Voici le code permettant de calculer cette distance. Rien de particulier, on retrouve partout ce code sur internet.

import numpy as np
def levenshtein_ratio_and_distance(s, t, ratio_calc = False):
    """ levenshtein_ratio_and_distance:
        Calculates levenshtein distance between two strings.
        If ratio_calc = True, the function computes the
        levenshtein distance ratio of similarity between two strings
        For all i and j, distance[i,j] will contain the Levenshtein
        distance between the first i characters of s and the
        first j characters of t
    """
    # Initialize matrix of zeros
    rows = len(s)+1
    cols = len(t)+1
    distance = np.zeros((rows,cols),dtype = int)

    # Populate matrix of zeros with the indeces of each character of both strings
    for i in range(1, rows):
        for k in range(1,cols):
            distance[i][0] = i
            distance[0][k] = k

    # Iterate over the matrix to compute the cost of deletions,insertions and/or substitutions    
    for col in range(1, cols):
        for row in range(1, rows):
            if s[row-1] == t[col-1]:
                cost = 0 # If the characters are the same in the two strings in a given position [i,j] then the cost is 0
            else:
                # In order to align the results with those of the Python Levenshtein package, if we choose to calculate the ratio
                # the cost of a substitution is 2. If we calculate just distance, then the cost of a substitution is 1.
                if ratio_calc == True:
                    cost = 2
                else:
                    cost = 1
            distance[row][col] = min(distance[row-1][col] + 1,      # Cost of deletions
                                 distance[row][col-1] + 1,          # Cost of insertions
                                 distance[row-1][col-1] + cost)     # Cost of substitutions
    if ratio_calc == True:
        # Computation of the Levenshtein Distance Ratio
        Ratio = ((len(s)+len(t)) - distance[row][col]) / (len(s)+len(t))
        return Ratio
    else:
        # print(distance) # Uncomment if you want to see the matrix showing how the algorithm computes the cost of deletions,
        # insertions and/or substitutions
        # This is the minimum number of edits needed to convert string a to string b
        return "The strings are {} edits away".format(distance[row][col])

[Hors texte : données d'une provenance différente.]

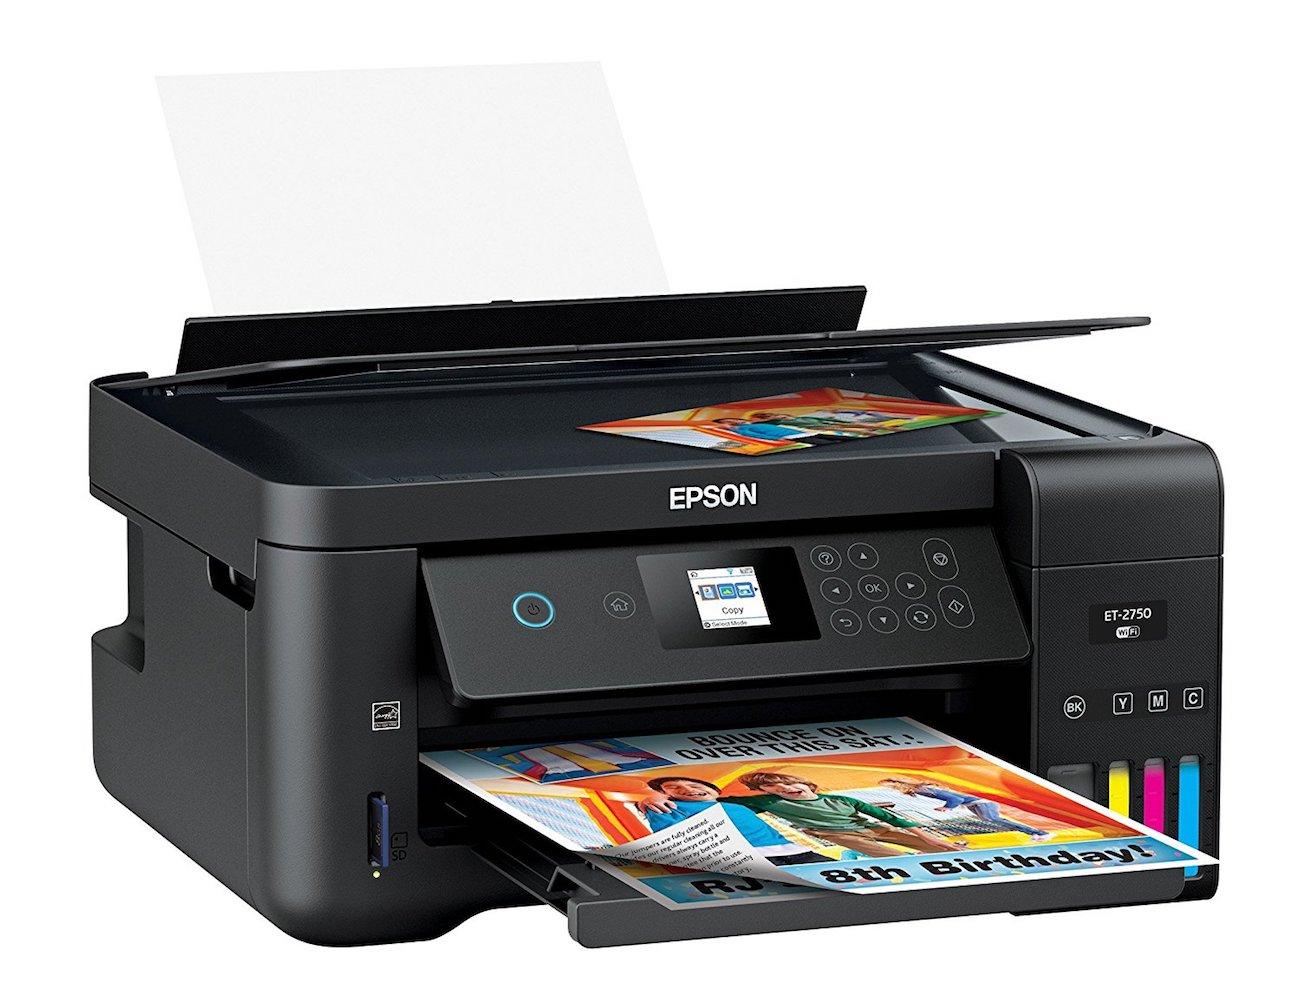 Expression ET-2750 EcoTank All-in-One Supertank Printer
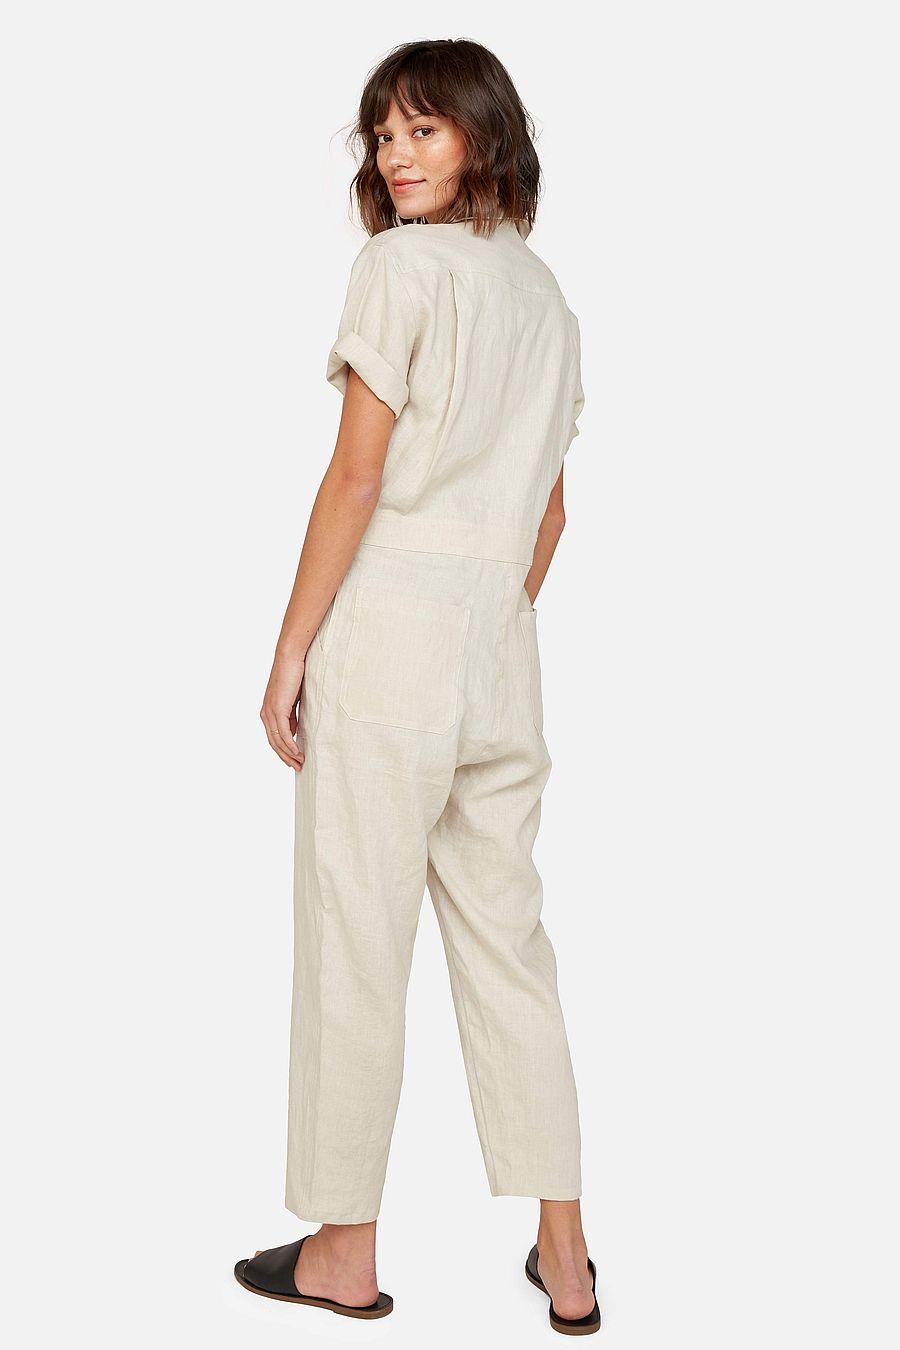 MATE The Label Linen Short Sleeve Jumpsuit - NATURAL

Il existe aussi un package appelé Levenshtein qui nous simplifie la vie.

>>> import Levenshtein as lev

>>> string_1 = "Lean Deep."
>>> string_2 = "leandeep"

>>> distance = lev.distance(string_1.lower(), string_2.lower()),
>>> print(distance)

(1,)

>>> ratio = lev.ratio(Str1.lower(),Str2.lower())
>>> print(ratio)

0.9473684210526315

Et surtout il existe le package fuzzywuzzy qui contient des fonctions avancées pas présentes dans le package Levenshtein qui vont nous permettre de gérer des cas plus complexes comme le “substring matching”; très utile pour extraire des bribes d’informations de textes.

>>> from fuzzywuzzy import fuzz

>>> string_1 = "Lean Deep"
>>> string_2 = "deep"
>>> ratio = fuzz.ratio(string_1.lower(), string_2.lower())
>>> partial_ratio = fuzz.partial_ratio(string_1.lower(), string_2.lower())
>>> print(ratio)
>>> print(partial_ratio)

50
100